• [Task instructions]
A letter-for-letter copy of the listing is required, with no pictures in it.

───── Dataset content

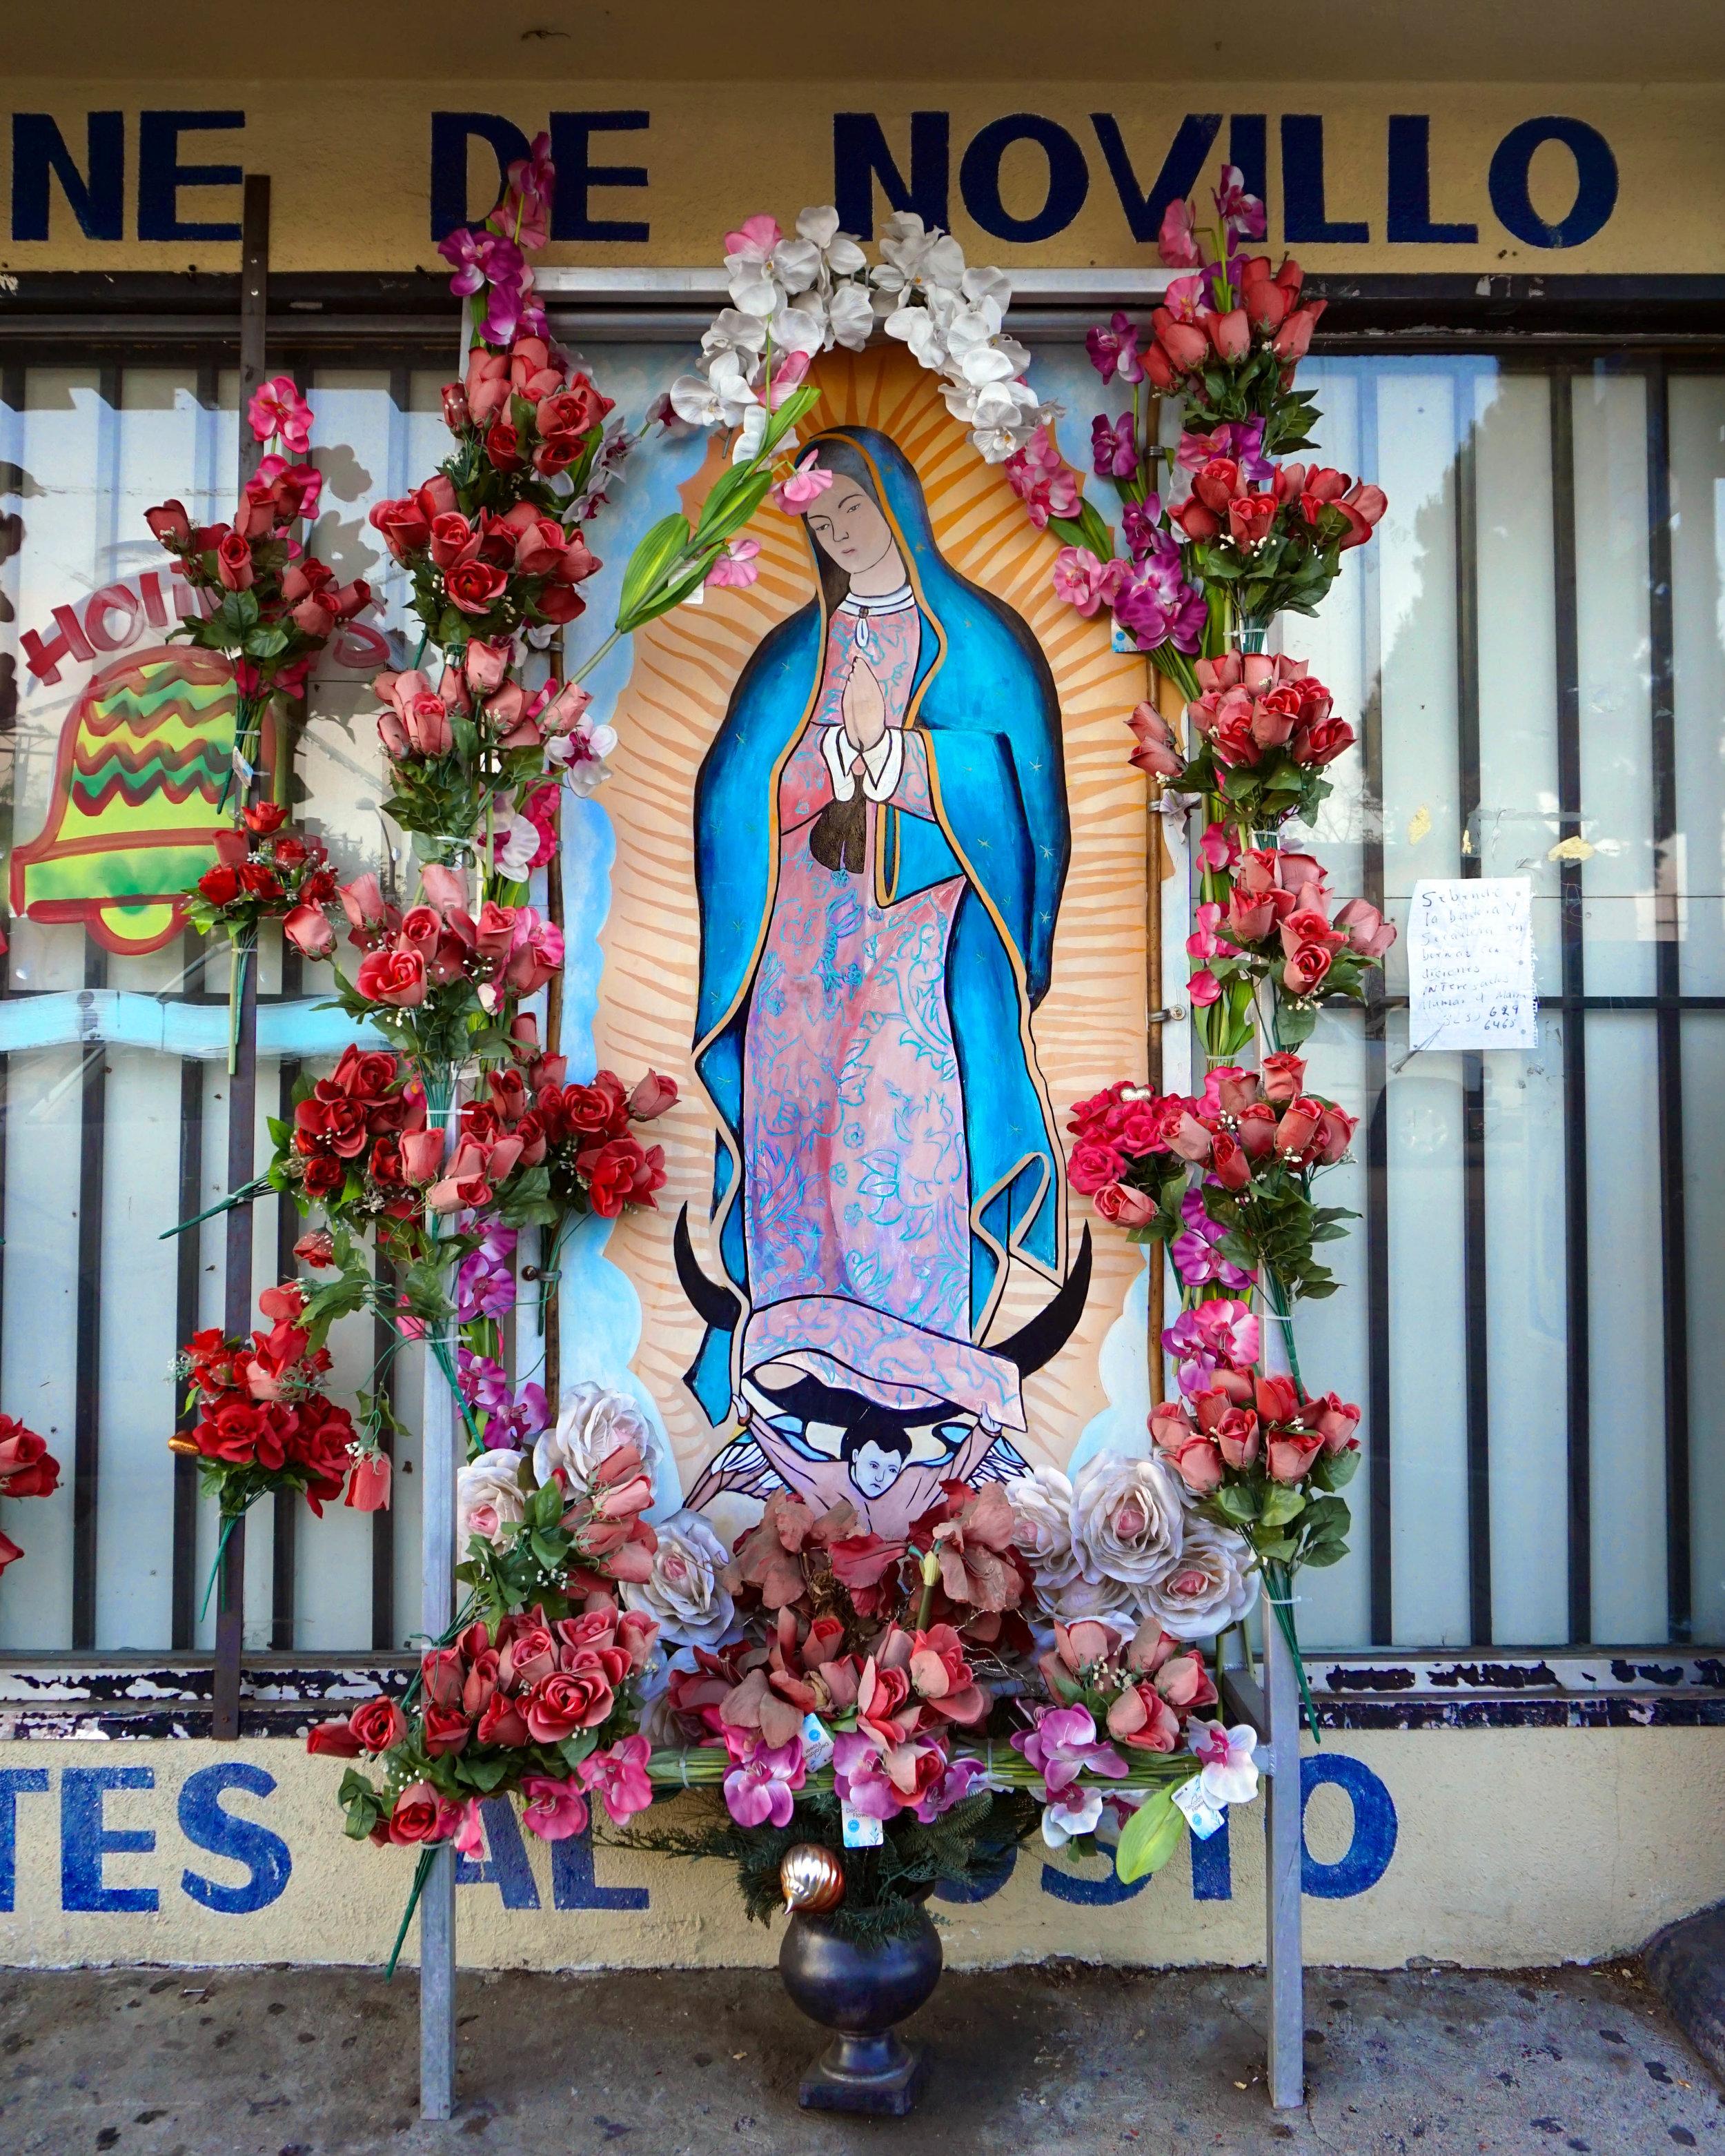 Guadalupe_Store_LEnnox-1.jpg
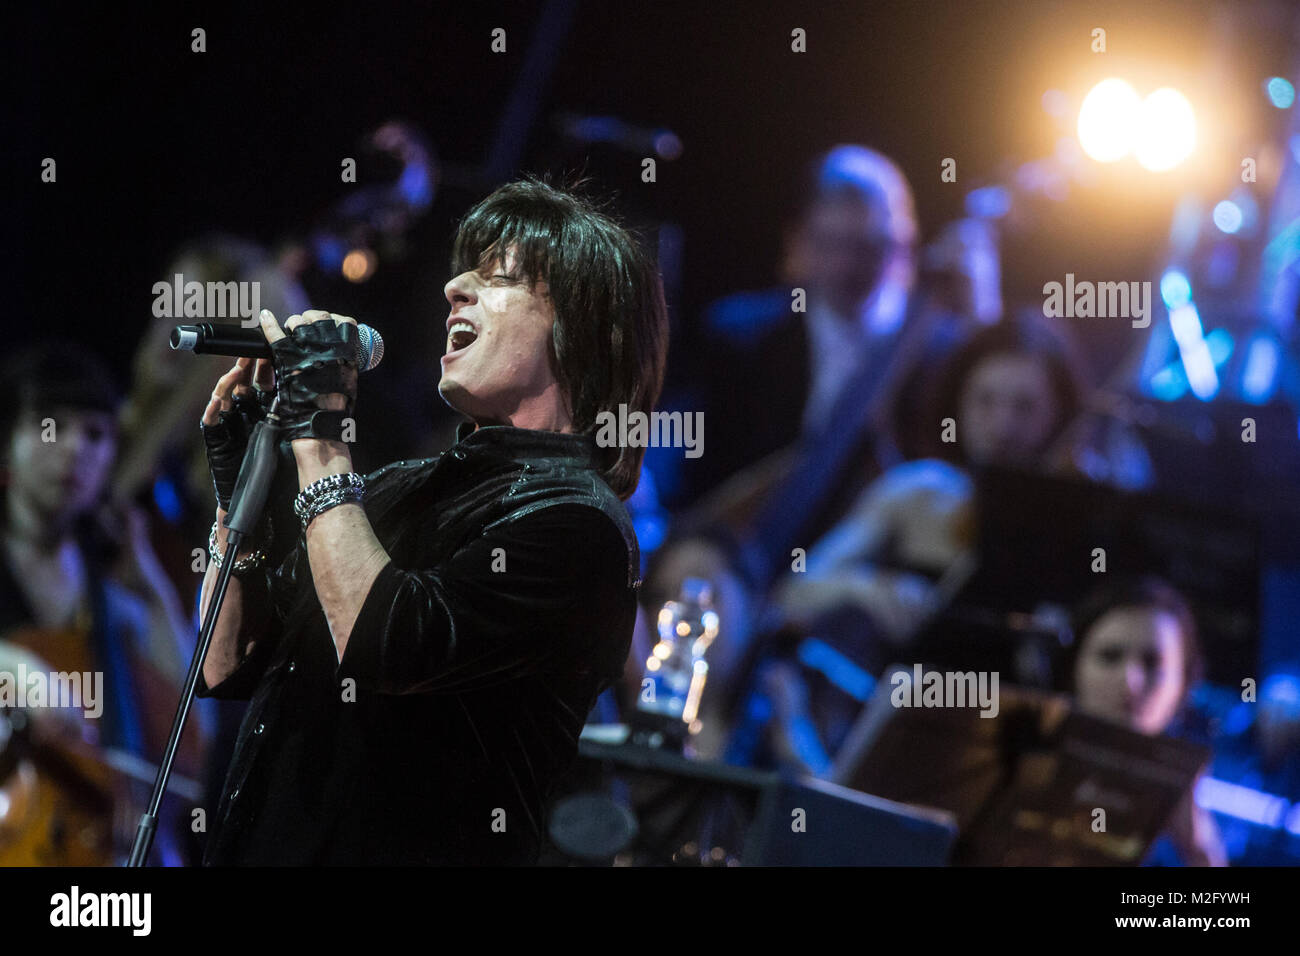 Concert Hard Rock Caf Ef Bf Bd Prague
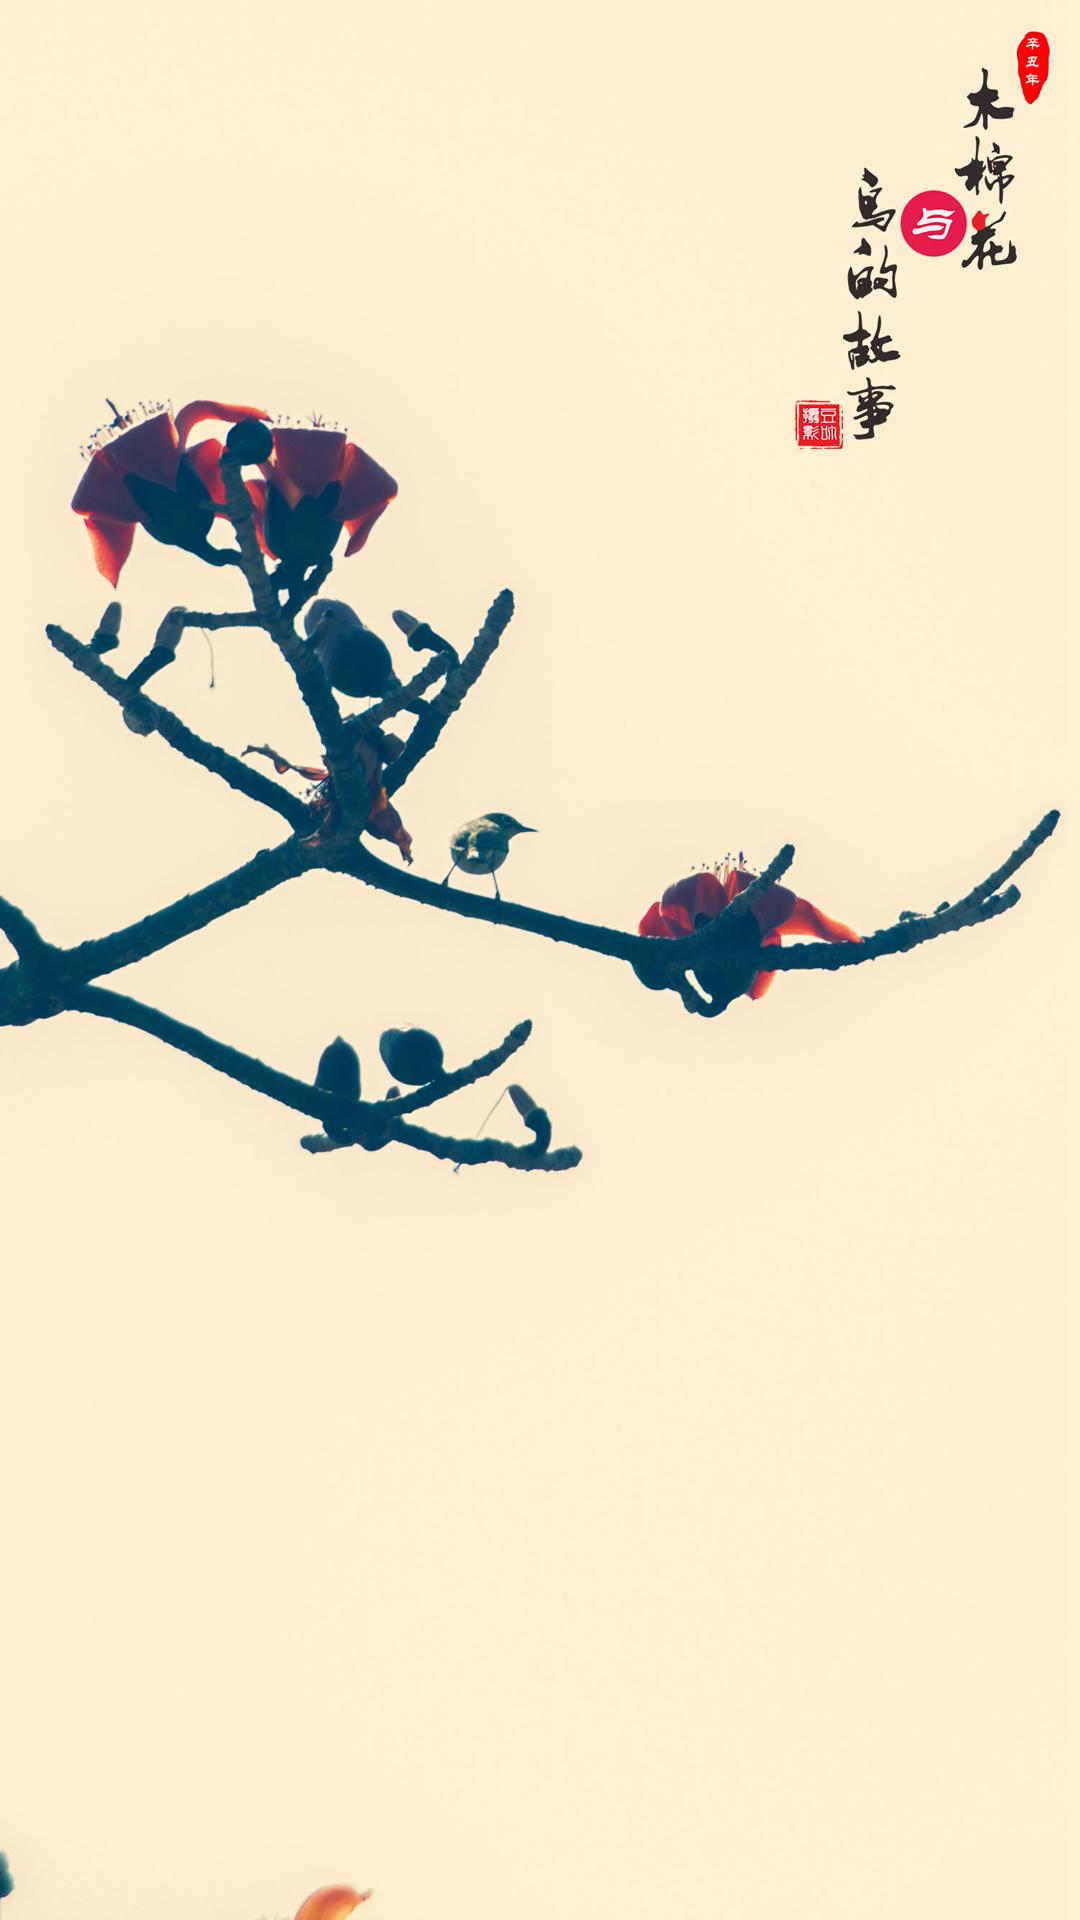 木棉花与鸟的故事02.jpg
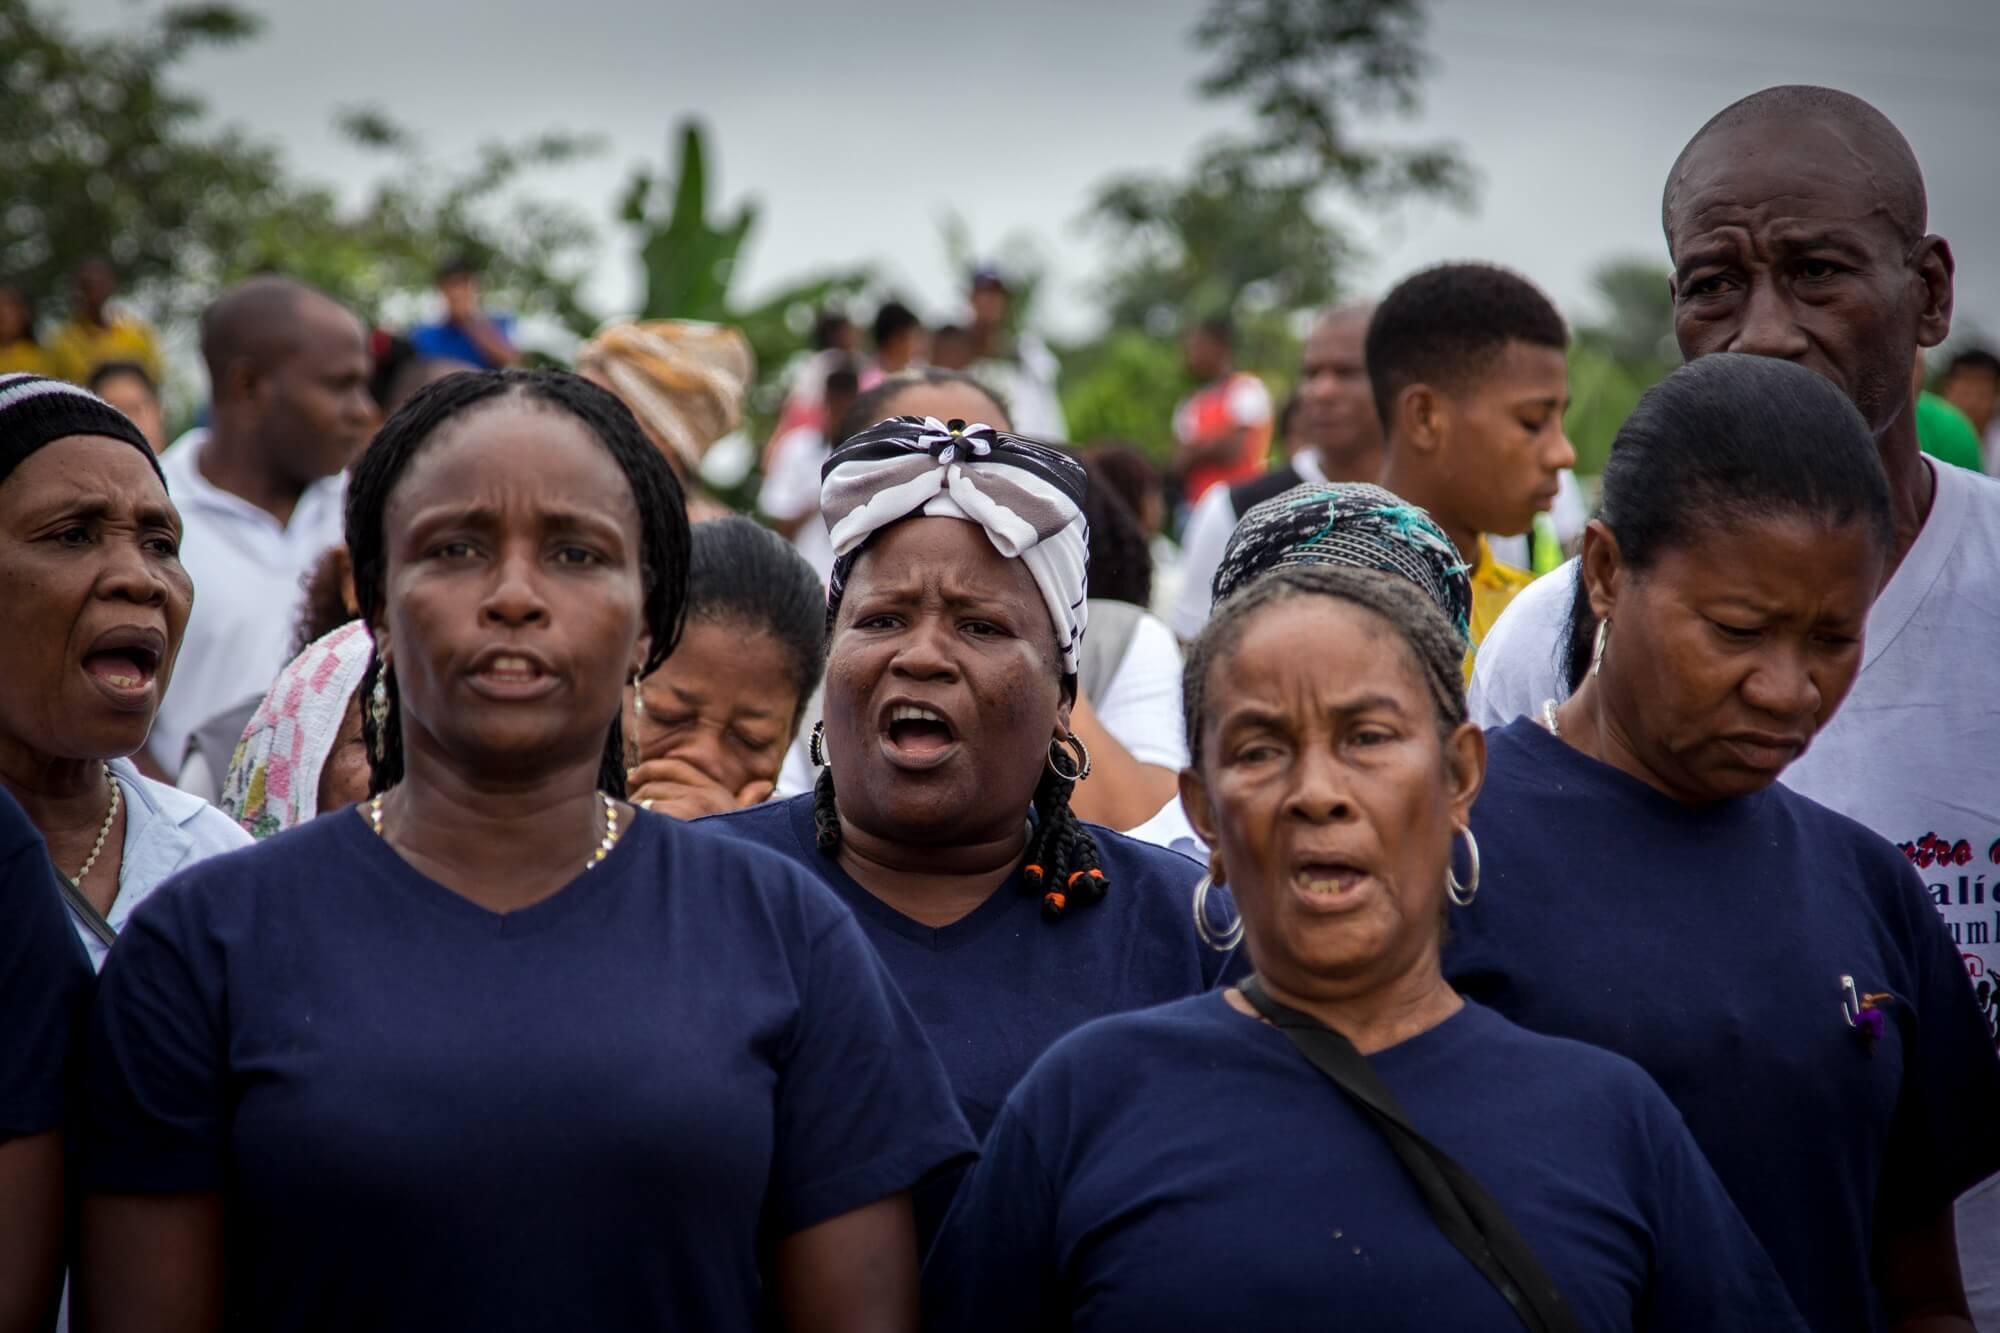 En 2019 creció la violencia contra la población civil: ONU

──────────

• [Answer box]
 Guadalupe_Store_LEnnox-1.jpg
 Concert Hard Rock Caf Ef Bf Bd Prague
 木棉花与鸟的故事02.jpg
 En 2019 creció la violencia contra la población civil: ONU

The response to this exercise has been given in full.